_Listed records_.
####
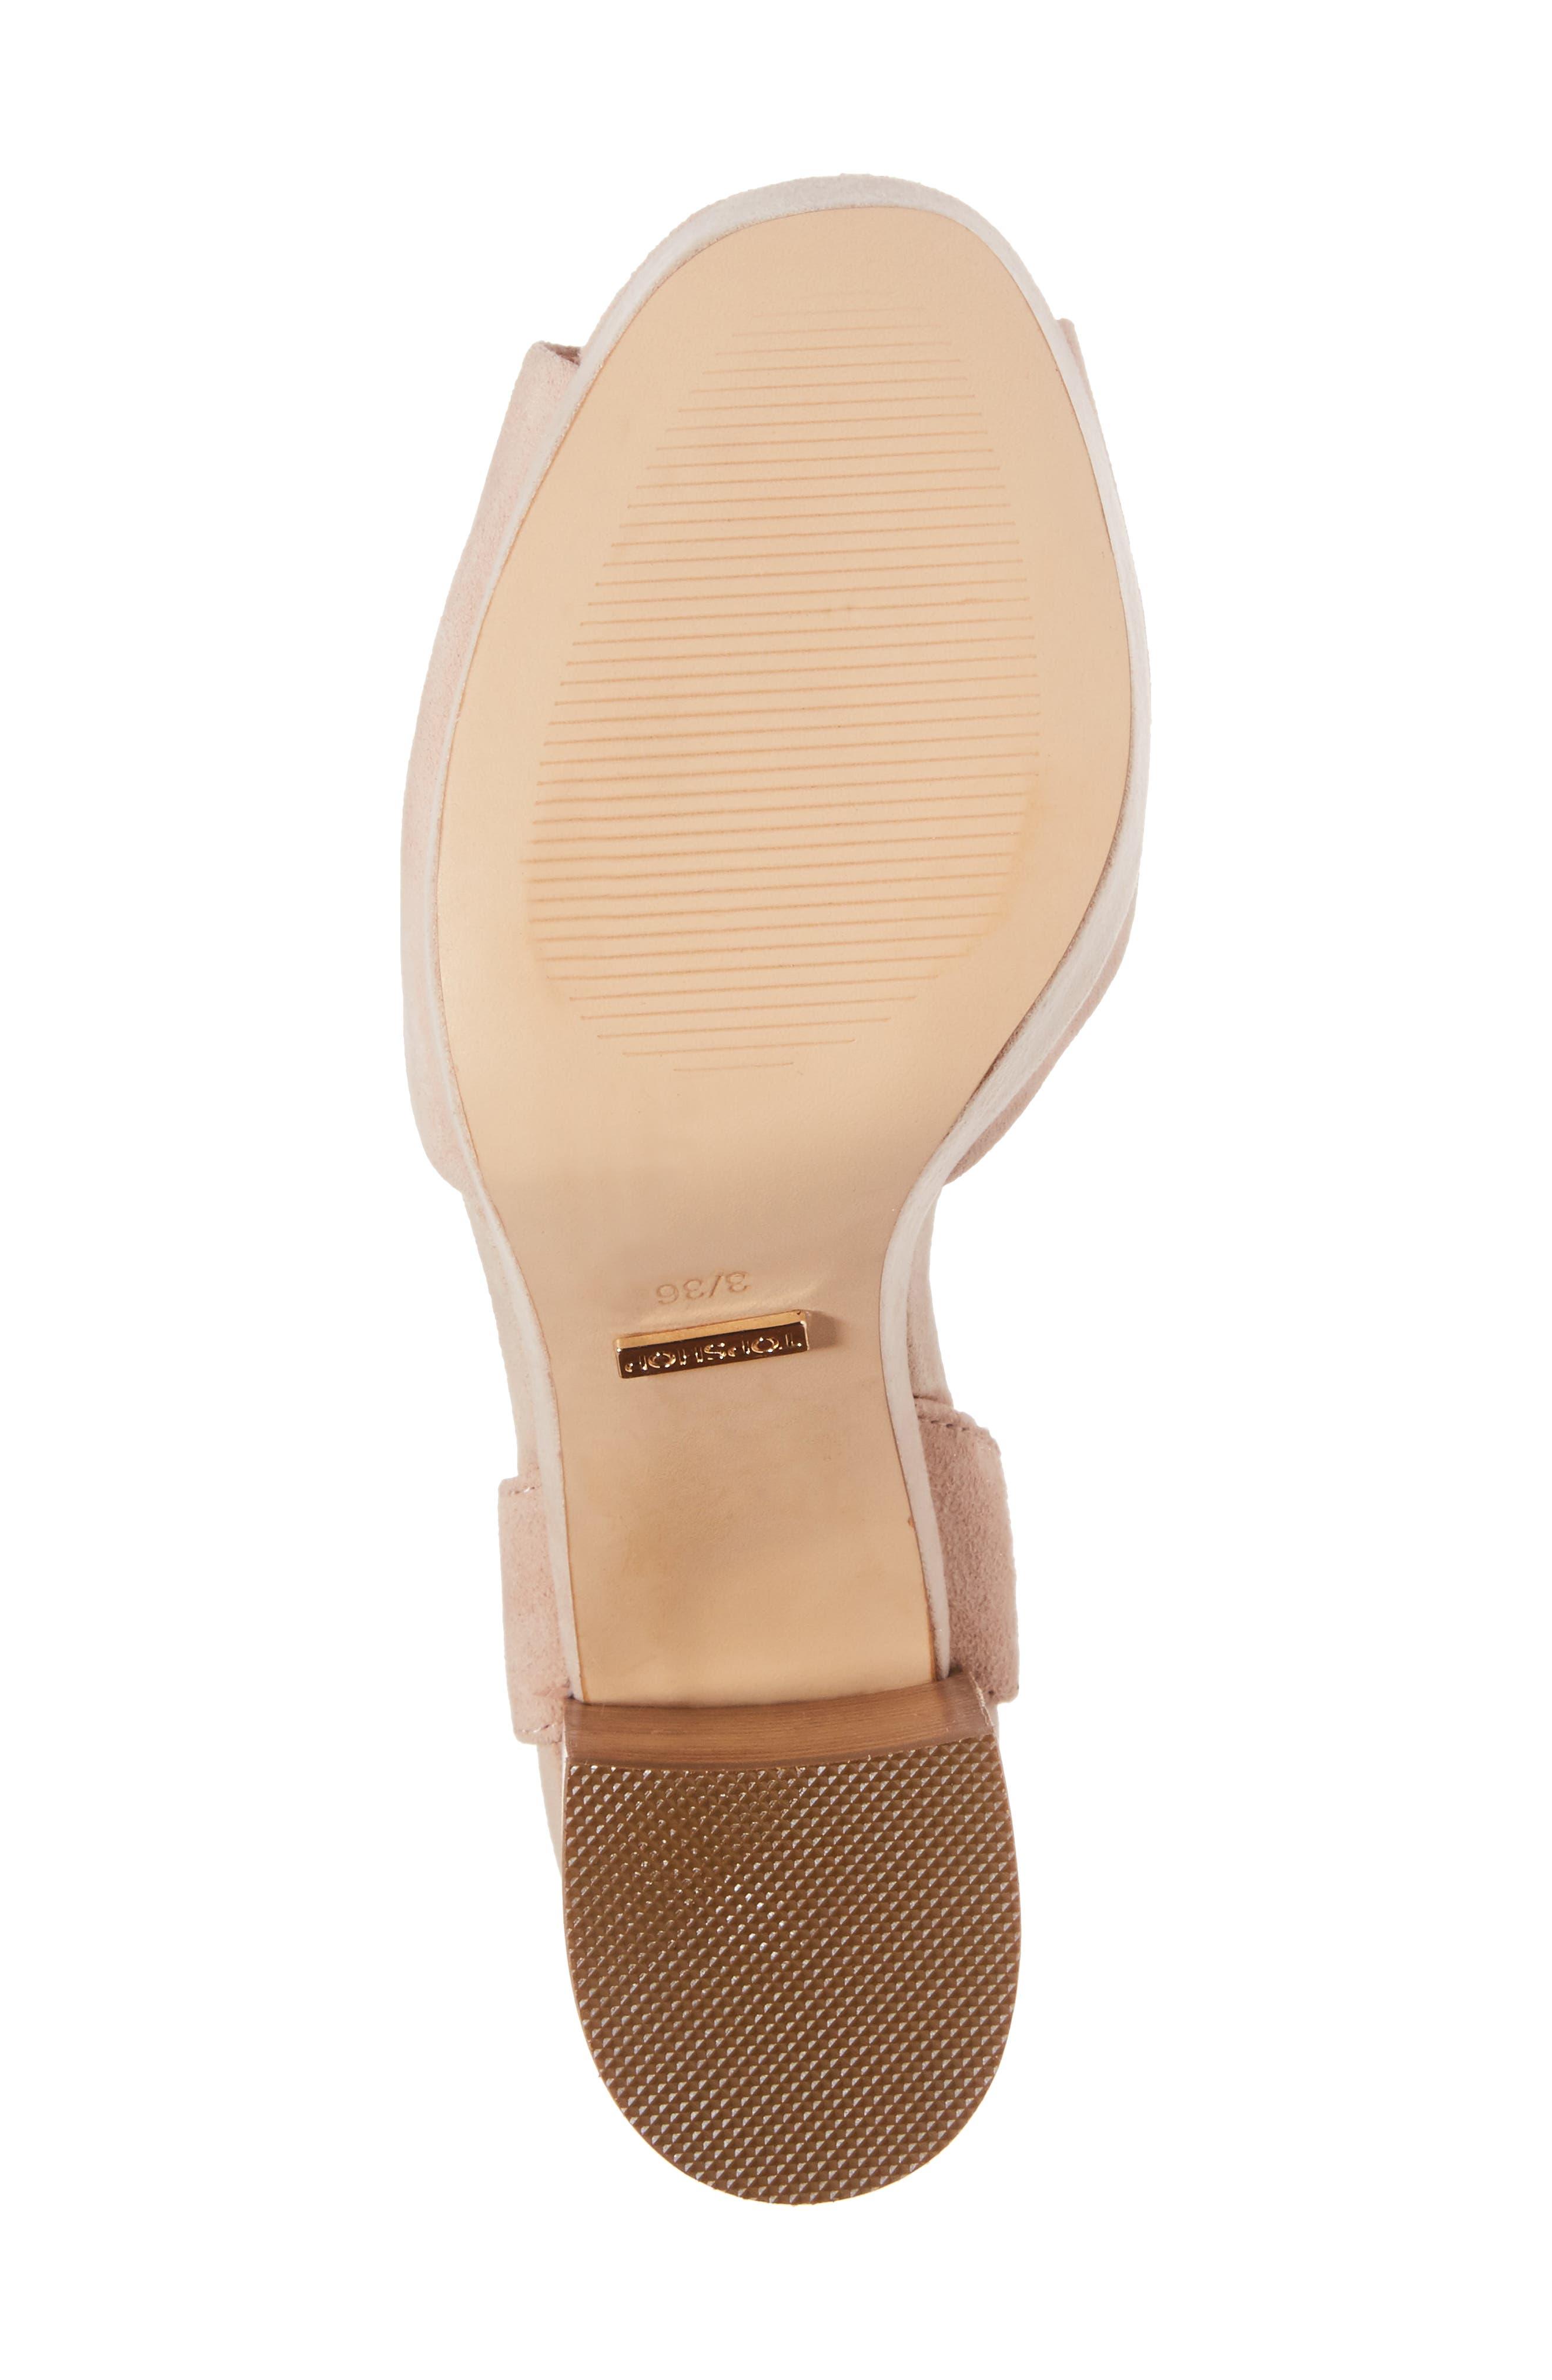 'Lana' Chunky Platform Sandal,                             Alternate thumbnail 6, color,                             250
####
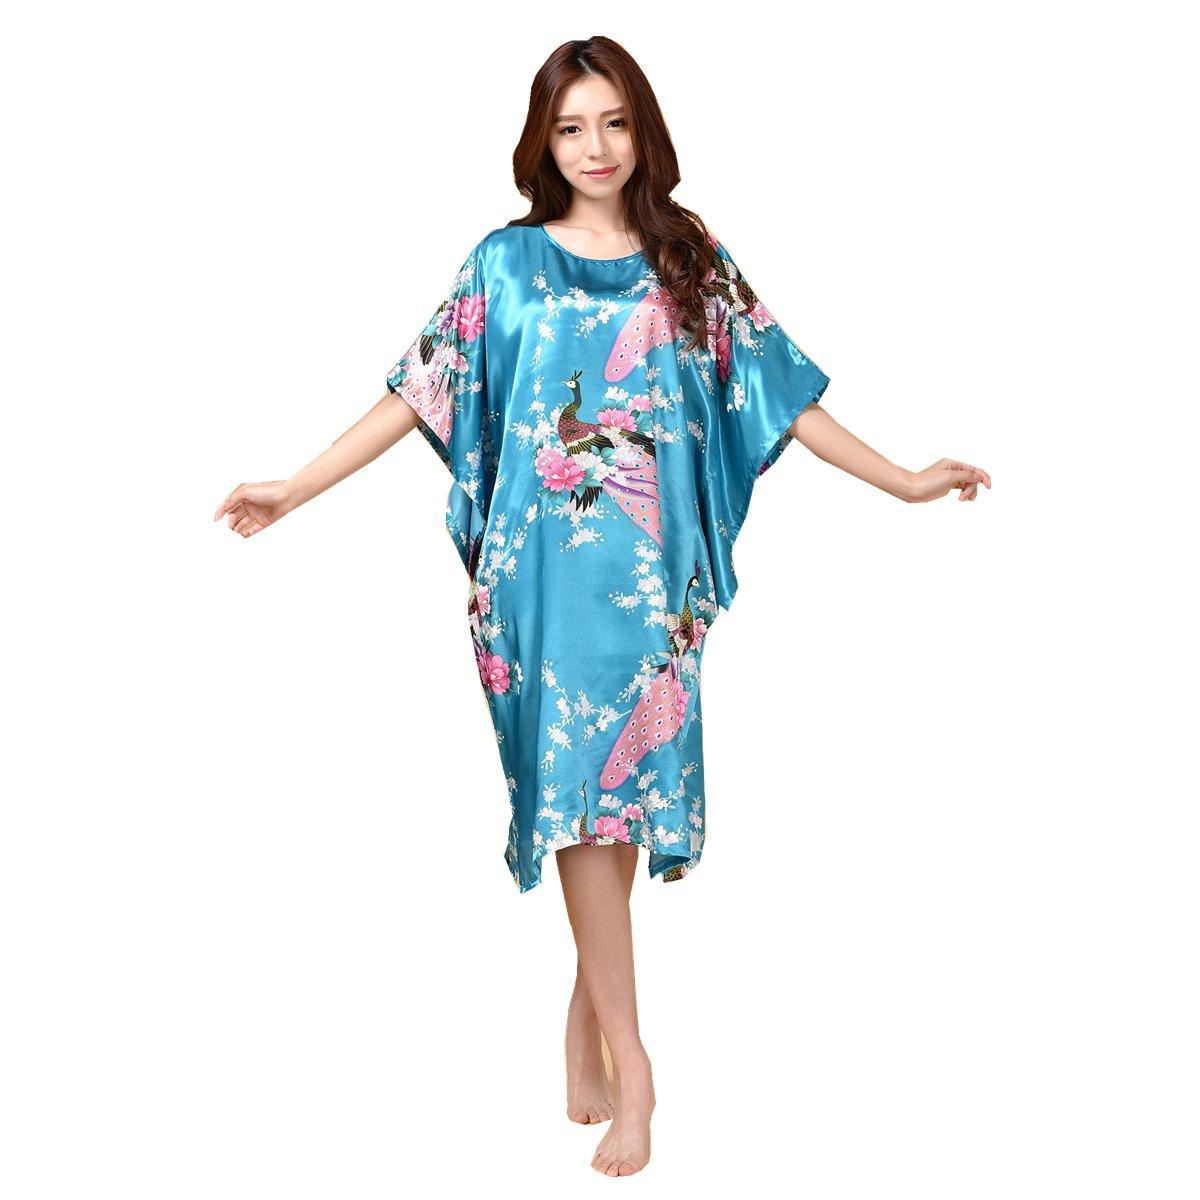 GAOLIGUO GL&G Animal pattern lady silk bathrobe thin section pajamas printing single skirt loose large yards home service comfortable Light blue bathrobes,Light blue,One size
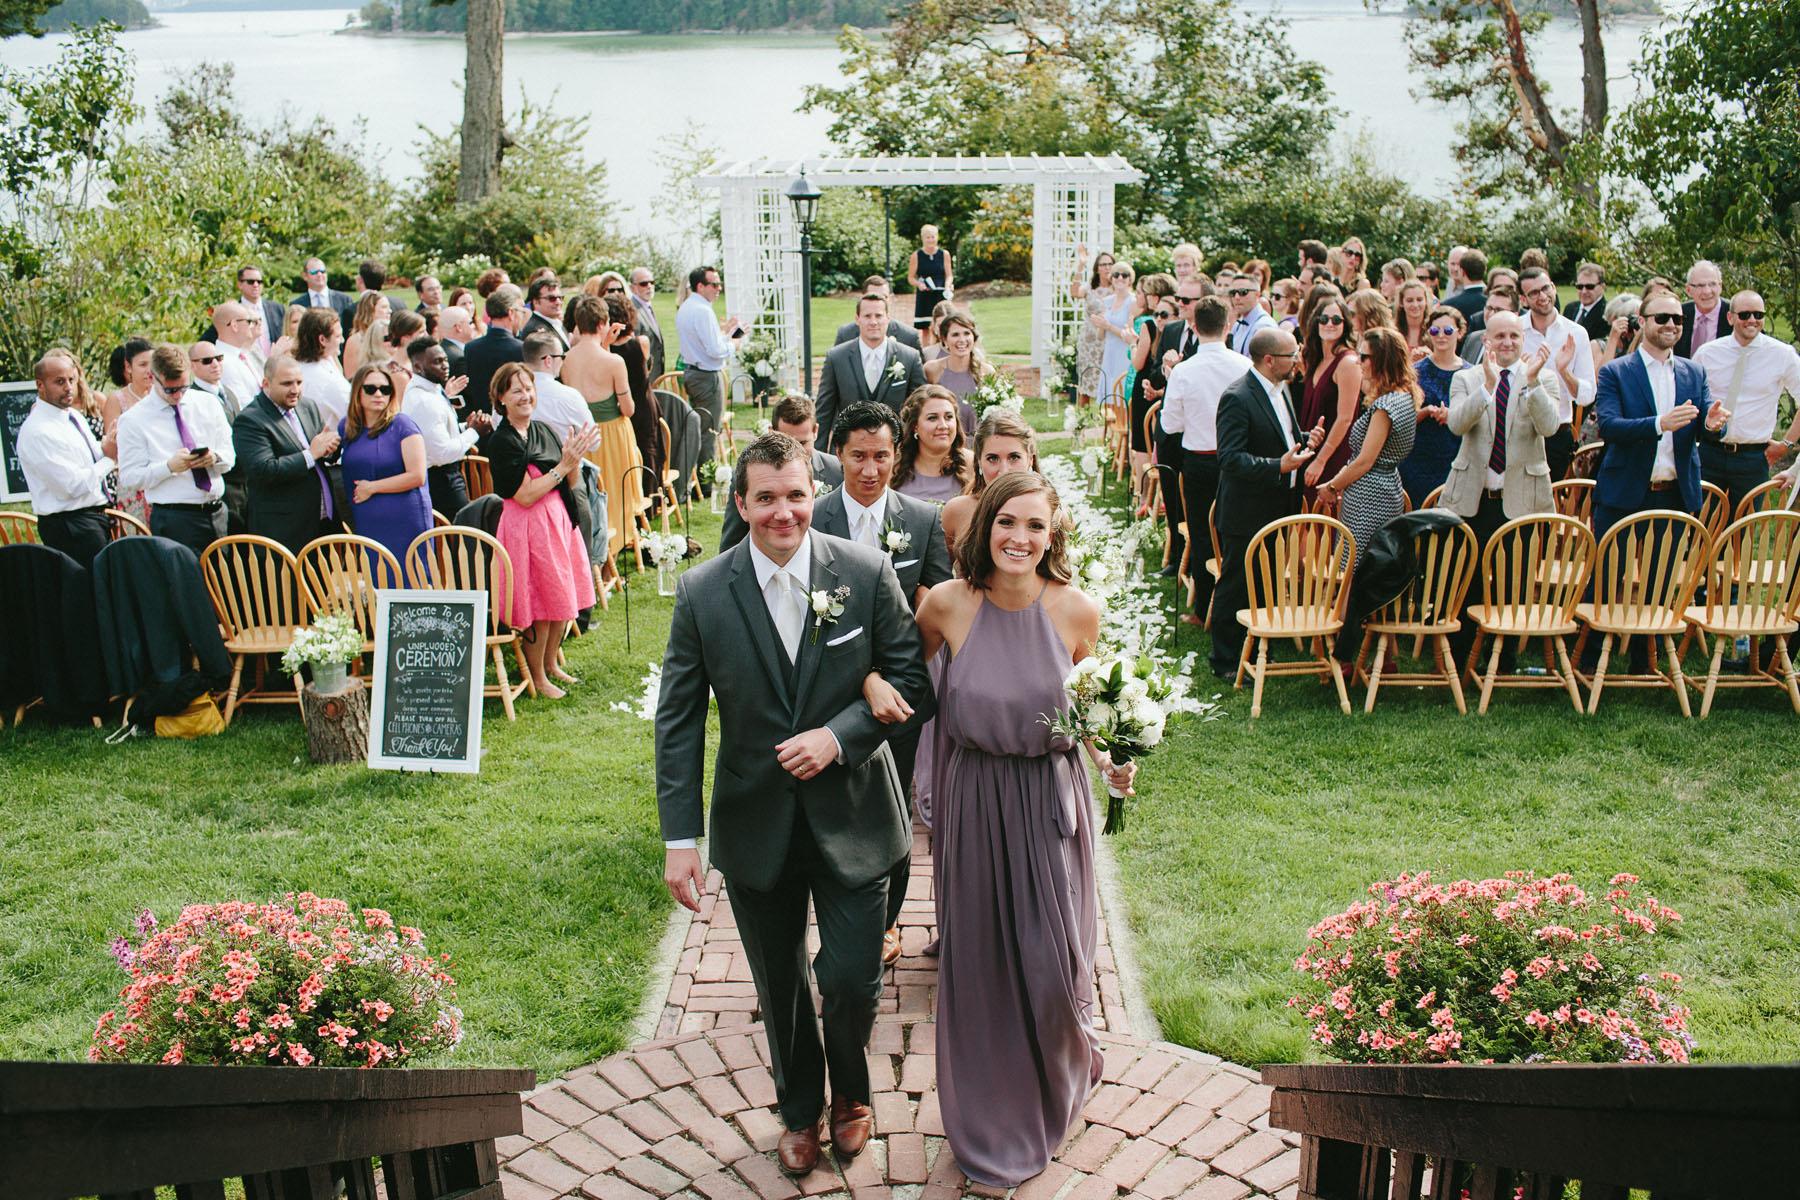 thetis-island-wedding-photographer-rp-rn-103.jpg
####
_Your instructions_. Above are some entries. Restate word for word the lines from the one holding "GAOLIGUO GL&G Animal" through the one holding "thetis-island-wedding-photographer-rp-rn-103.jpg", but not the pictures.

_Answer_.
 GAOLIGUO GL&G Animal pattern lady silk bathrobe thin section pajamas printing single skirt loose large yards home service comfortable Light blue bathrobes,Light blue,One size
 thetis-island-wedding-photographer-rp-rn-103.jpg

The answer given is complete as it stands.